她在这个循环的世界一次又一次挣扎,却被固定的剧情束缚着挣不出别的结果。
读童话故事长大的她坚信着只要做一个心存善念温柔坚韧的女孩子,就一定会有英俊又温雅的王子骑着白马来接她。
故事的最后会是美满的幸福结局。
但她发现,一切都是假的,她等来的是人面兽心的斯文败类。
而她这么悲惨的人生不过是另一个人笔下的产物,最可笑的是对方是个女孩子。
一个女孩子怎么可以对同样性别的人这样?恨么?自然是恨的。
孟夏不是没有想过让肉肉尝一尝她的痛苦,让肉肉也亲身感受被强迫的滋味。
她确实也这么做过,但总在最后关头会心软。
也许是同名同姓的那个善良女孩写下的温暖评论保留了她一点良知。
她知道一旦经历了所有,会是多可怕的阴影,是永生永世都挥之不去的梦魇,是亲手扭转了命运亲自报仇也不能让自己释然的痛楚。
这样的痛苦,其实她并不希望别的女孩因为自己去遭受一次。
孟夏操纵着光球移到少女身边。
少女双腿弯曲,双臂环抱着膝盖,宛如置身在冰天雪地中,她将自己蜷缩成一团微微颤抖着。

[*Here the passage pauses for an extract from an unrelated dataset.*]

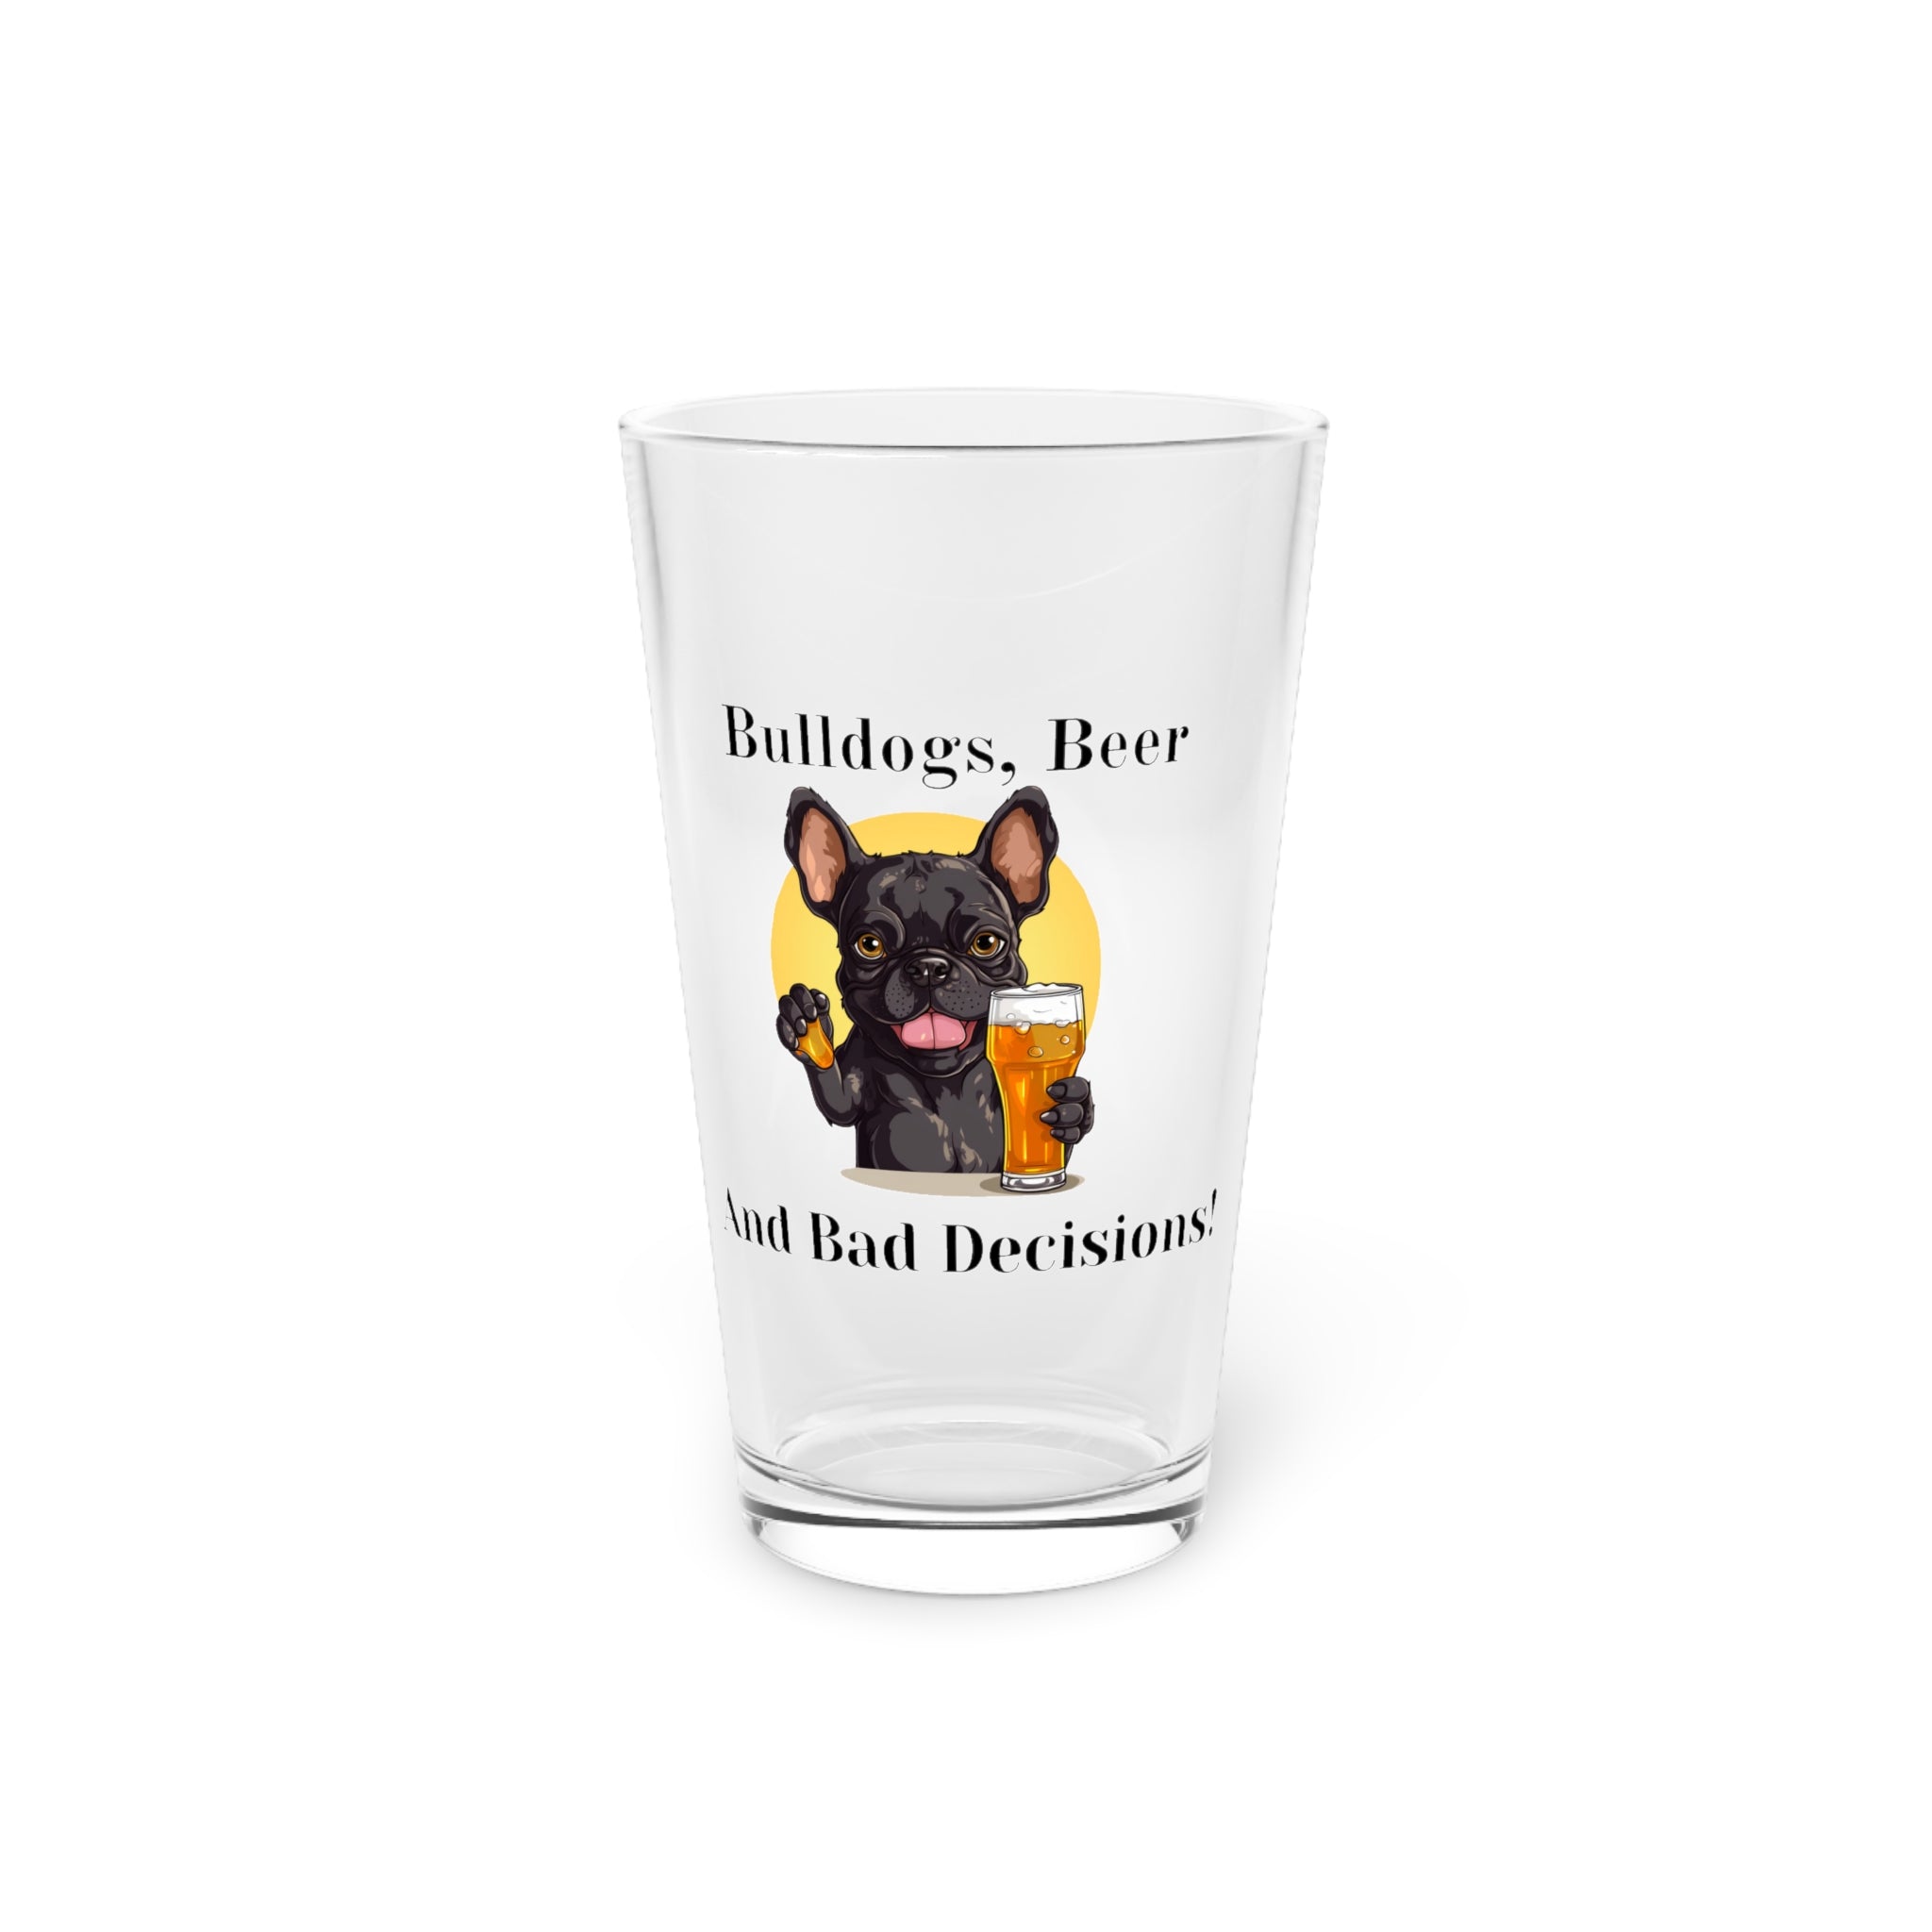 Bulldogs, Beer and Bad Decisions - Tipsy Bully Pint Glass (French/Black)
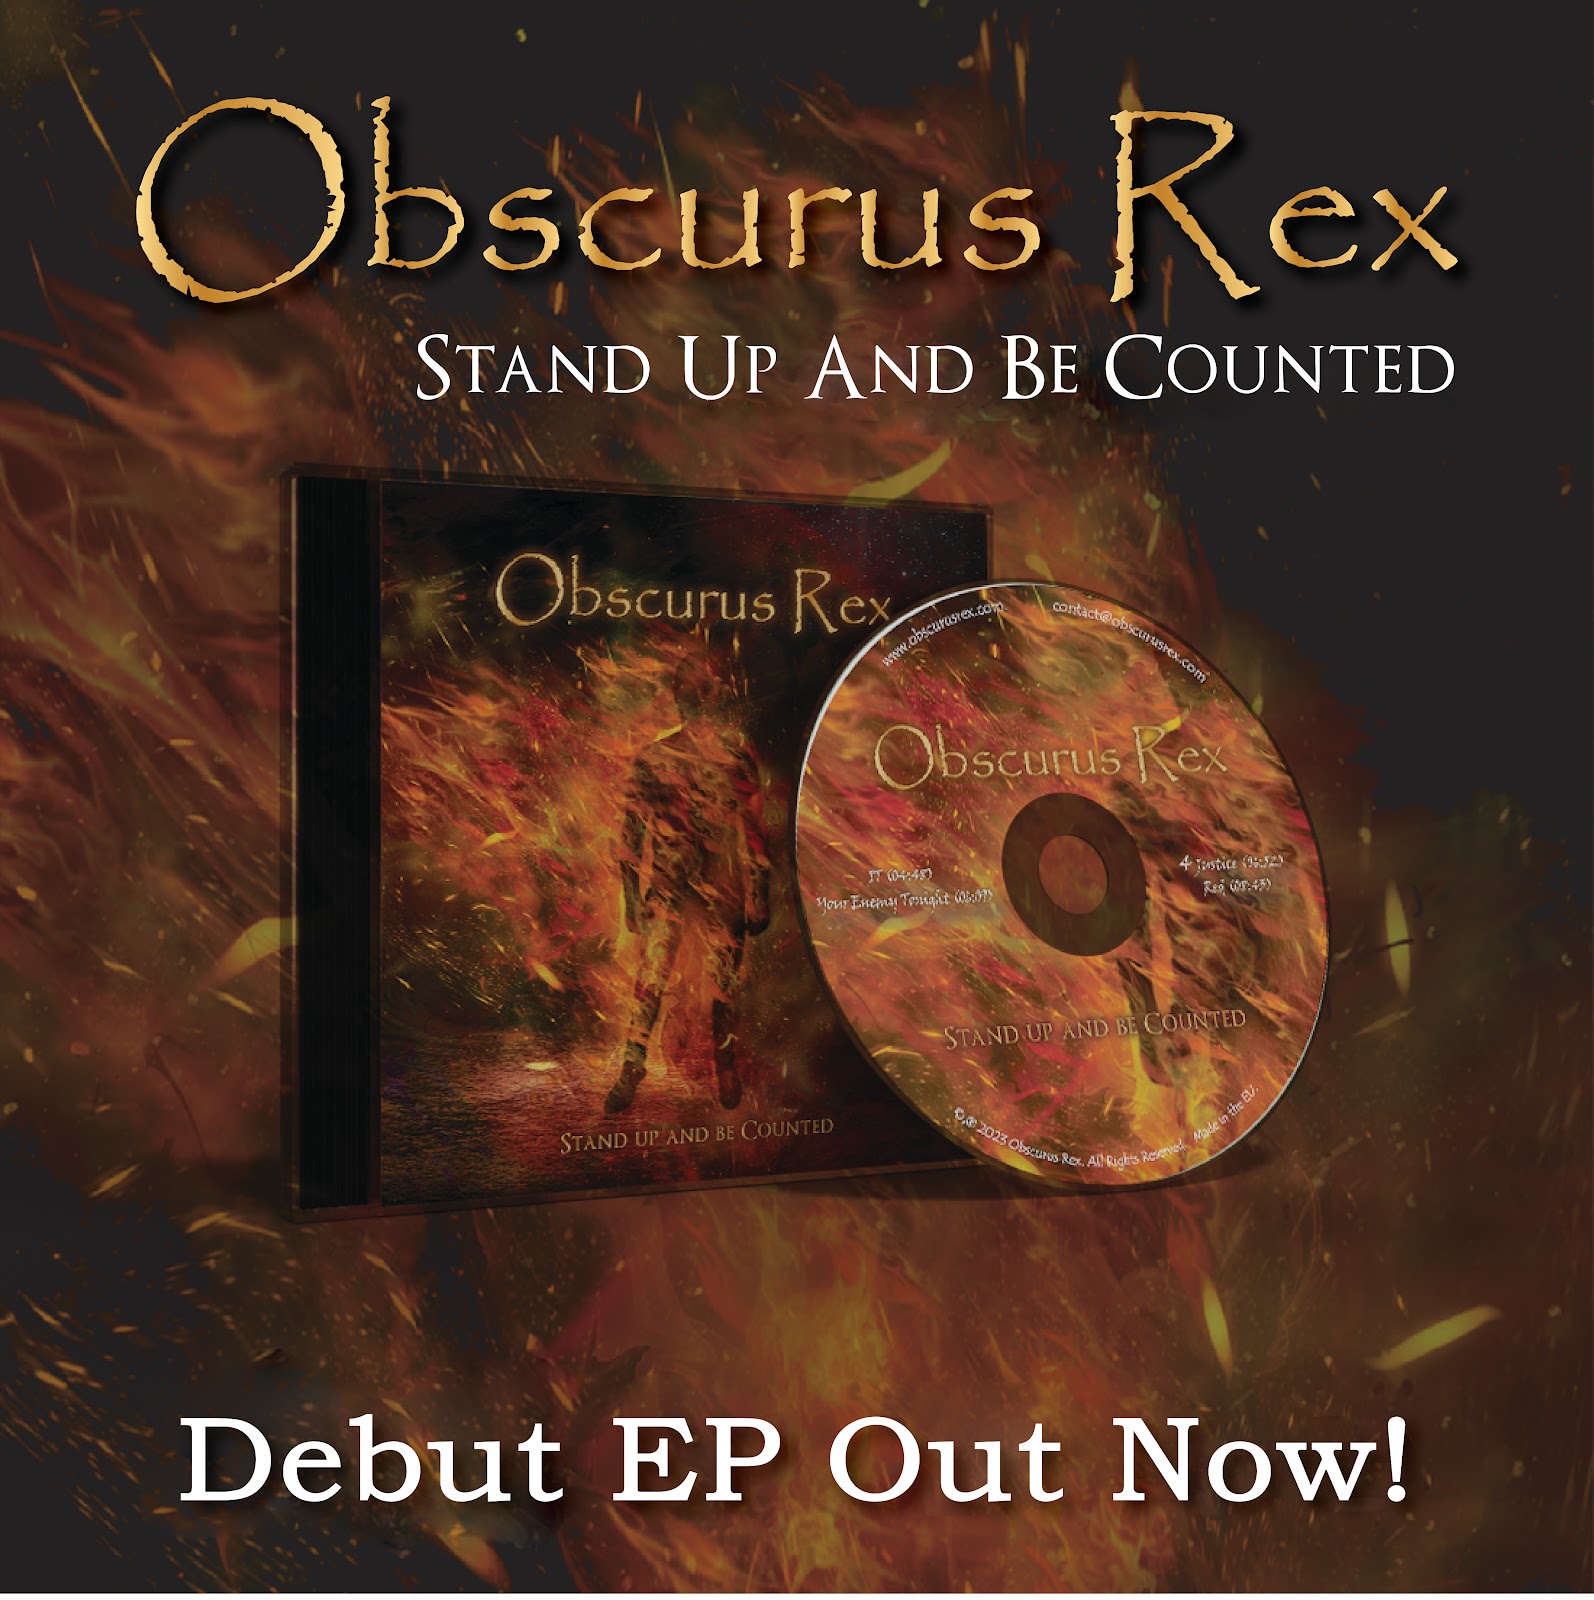 OBSCURUS REX DEBUT EP OUT NOW

秀眉紧蹙,纤长但不算太浓密的睫毛轻轻颤动着,她陷在梦魇里。
孟夏突然想起最初那会儿,肉肉的灵魂刚进入到这个意识空间时,她们俩谁都不敢睡觉。
真奇怪,能写出这样恶心狭劣小说的人也会做噩梦么?光球靠近肉肉,微弱的光笼罩在她身上。
霎时间,肉肉梦到的一切翻江倒海般向孟夏席卷而来。
肉肉很怕睡觉,她怕梦到生前的一-切,她看着眼前的景象知道自己又做梦了,又变成了生前的李图南,明知是梦却清醒不了。
梦里的世界是混乱的,事件却是清晰地犹如昨日发生。
年幼的她站在讲台,上做着自我介绍课后她听见体育老师说,“图男?这家是重男轻女吧。
语文老师解释,是出自庄子的《逍遥游》背负青天而莫之天阏者,而后乃今将图南。
她走进厕所呜咽出声。
年幼的她与弟弟争吵,将弟弟狠狠推开,转眼之间是一片鲜红。
成年的她站在医院的走廊里,看着头发全白的母亲捂着脸哭泣。
母亲带着哭腔的声音传入耳中,图南,你弟弟还需要钱。
她说,“好,我知道了。”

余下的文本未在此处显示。